It's only natural that many investors, especially those who are new to the game, prefer to buy shares in 'sexy' stocks with a good story, even if those businesses lose money. But as Peter Lynch said in One Up On Wall Street, 'Long shots almost never pay off.'
If, on the other hand, you like companies that have revenue, and even earn profits, then you may well be interested in ConocoPhillips (NYSE:COP). While profit is not necessarily a social good, it's easy to admire a business than can consistently produce it. Conversely, a loss-making company is yet to prove itself with profit, and eventually the sweet milk of external capital may run sour.
How Fast Is ConocoPhillips Growing Its Earnings Per Share?

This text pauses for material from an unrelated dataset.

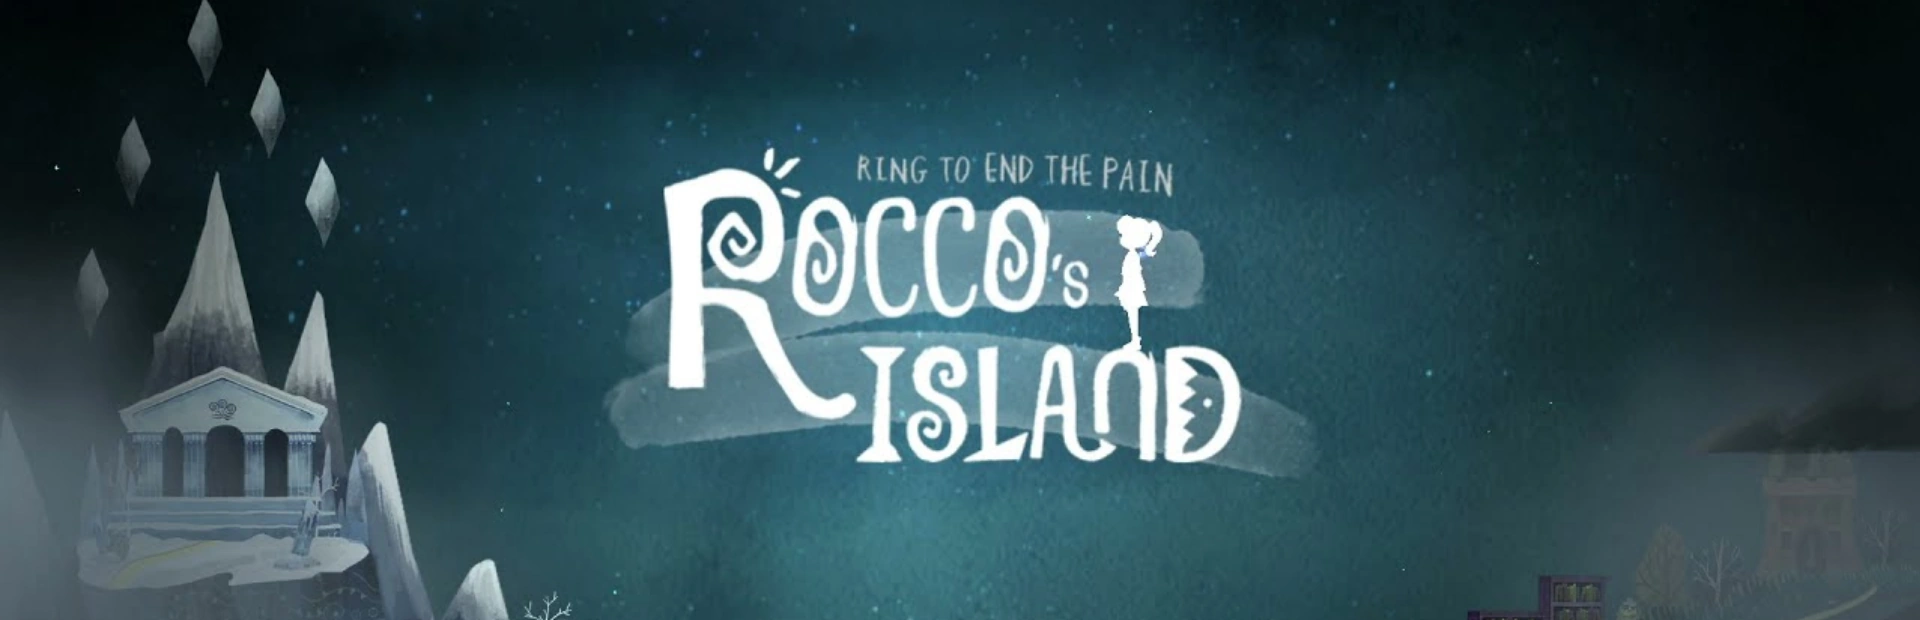 Roccos Island.Ring .to .End .the .Pain .banner1

Over the last three years, ConocoPhillips has grown earnings per share (EPS) like young bamboo after rain; fast, and from a low base. So I don't think the percent growth rate is particularly meaningful. As a result, I'll zoom in on growth over the last year, instead. Like a falcon taking flight, ConocoPhillips's EPS soared from US$3.81 to US$6.24, over the last year. That's a impressive gain of 64%.
Careful consideration of revenue growth and earnings before interest and taxation (EBIT) margins can help inform a view on the sustainability of the recent profit growth. I note that ConocoPhillips's revenue from operations was lower than its revenue in the last twelve months, so that could distort my analysis of its margins. ConocoPhillips shareholders can take confidence from the fact that EBIT margins are up from 20% to 25%, and revenue is growing. That's great to see, on both counts.
In the chart below, you can see how the company has grown earnings, and revenue, over time. Click on the chart to see the exact numbers.
Of course the knack is to find stocks that have their best days in the future, not in the past. You could base your opinion on past performance, of course, but you may also want to check this interactive graph of professional analyst EPS forecasts for ConocoPhillips.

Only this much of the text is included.